In exercise 4 page 456 of Hodges "Model Theory" it is required to show that if an ultrafilter $\mathcal{U}$ is not $\omega_1$-complete, then every ultraproduct $\prod_I A_i/ \mathcal{U}$ has cardinality $< \omega$ or $\geq 2^\omega$.
Does this suggest there can be ultraproducts $\prod_I A_i/ \mathcal{U}$ which have cardinality $\omega$ if we assume that the ultrafilter is (non-principal) $\omega_1$-complete? Is this possible?
Yes, but the existence of such ultrafilters is a large cardinal hypothesis; it is equivalent to the existence of a measurable cardinal.
If each $A_i$ is countably infinite and $\cal U$ is countably complete ($\omega_1$-complete), then the ultraproduct $\Pi_i A_i/{\cal U}$ will be countable. To see this, fix enumerations of each $A_i$, and observe that any element $x\in\Pi_iA_i/{\cal U}$ is represented by some function $\vec x=\langle x_i\rangle_i$, where $x_i$ is the $n_i^{th}$ element of $A_i$. But by countable completeness, the value of $n_i$ must be constant on a set in $\cal U$, and so the function $n\mapsto [g_n]_{\cal U}$ where $g_n(i)$ is the $n^{th}$ element of $A_i$ is a bijection of $\omega$ with the ultraproduct. So it is countably infinite, as desired.
Meanwhile, it is important to note that every countably complete nonprincipal ultrafilter $\cal U$ on any set is actually $\kappa$-complete for some measurable cardinal $\kappa$, and so the hypothesis carries large cardinal strength.
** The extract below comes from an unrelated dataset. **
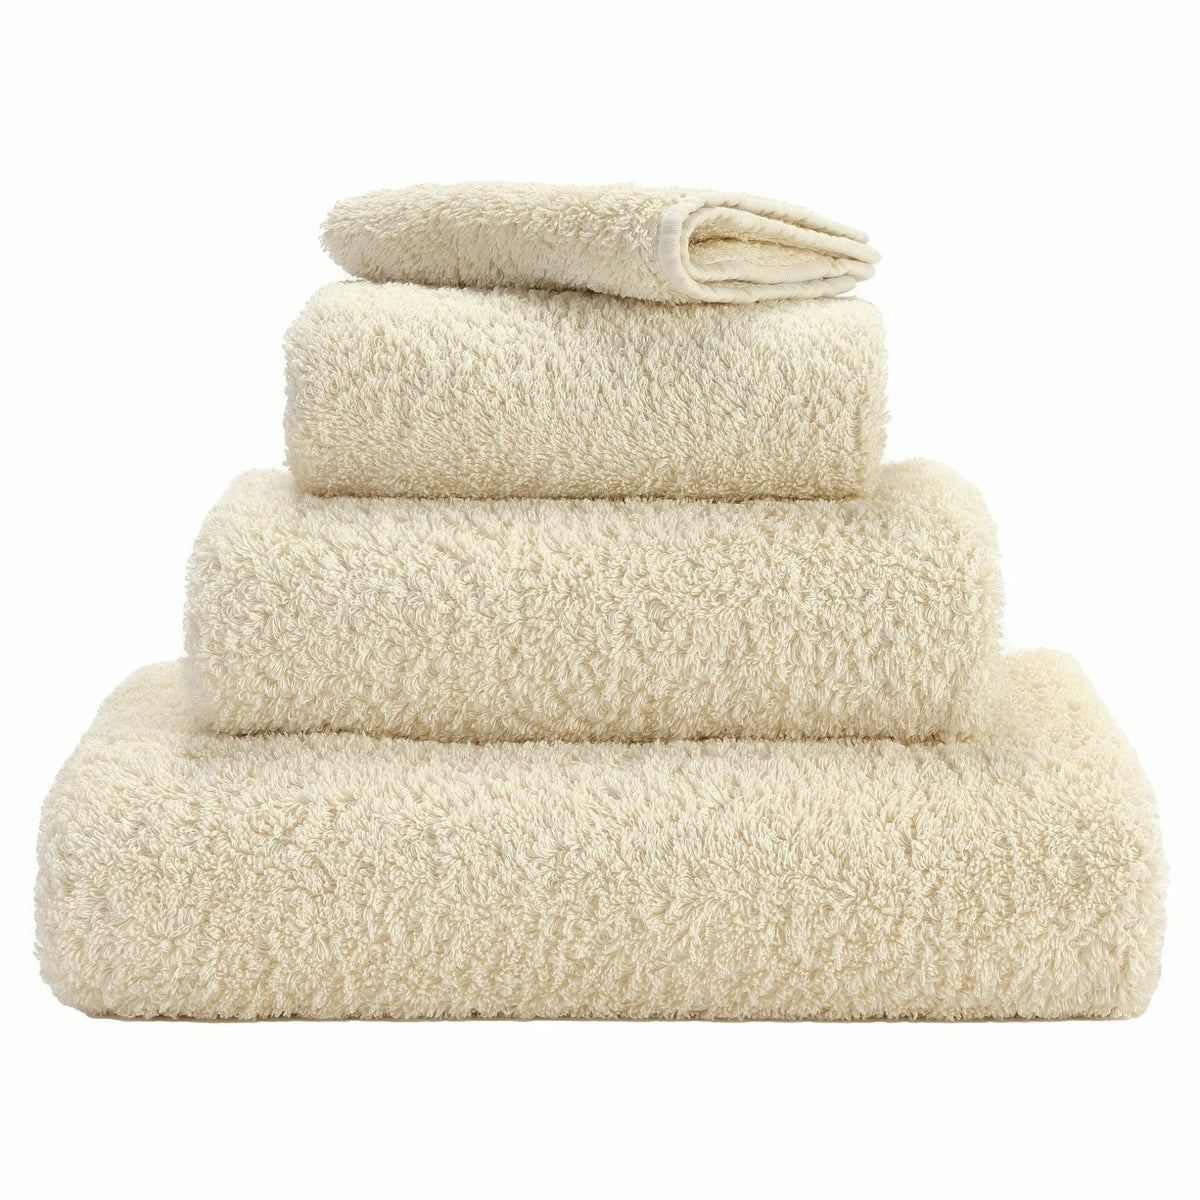 Abyss Super Pile Bath Towels & Mats - Ecru

A stronger result is possible, once you realize that any countably complete ultrafilter is actually $\kappa$-complete for a much larger cardinal. If $\cal U$ is a $\kappa$-complete ultrafilter on a set $I$ and the structures $A_i$ are uniformly bounded in size below $\kappa$, in a language of size less than $\kappa$, then the ultrapower $\Pi_i A_i/{\cal U}$ is isomorphic to one of the $A_i$. The reason is that we may assume $\kappa$ is a measurable cardinal, and in particular, it is also inaccessible. And so there are fewer than $\kappa$ many structures in that language of size at most $\delta$, for any fixed $\delta<\kappa$. It follows by $\kappa$-completeness that the measure $\cal U$ must concentrate on a set of indices $i$ for which the $A_i$ are all isomorphic to each other. And it follows by the reasoning in the first argument that this common $A_i$ is also isomorphic to the ultrapower $\Pi_i A_i/{\cal U}$.
The result mentioned in the previous paragraph is the size $\kappa$ analogue of the fact for ultrafilters $\cal U$ on $\omega$ that the ultrapower $\Pi_i A_i/{\cal U}$ of structures $A_i$ having uniformly bounded finite size in a finite language is isomorphic to one of them, namely, to the one whose isomorphism type occurs on a set in ${\cal U}$.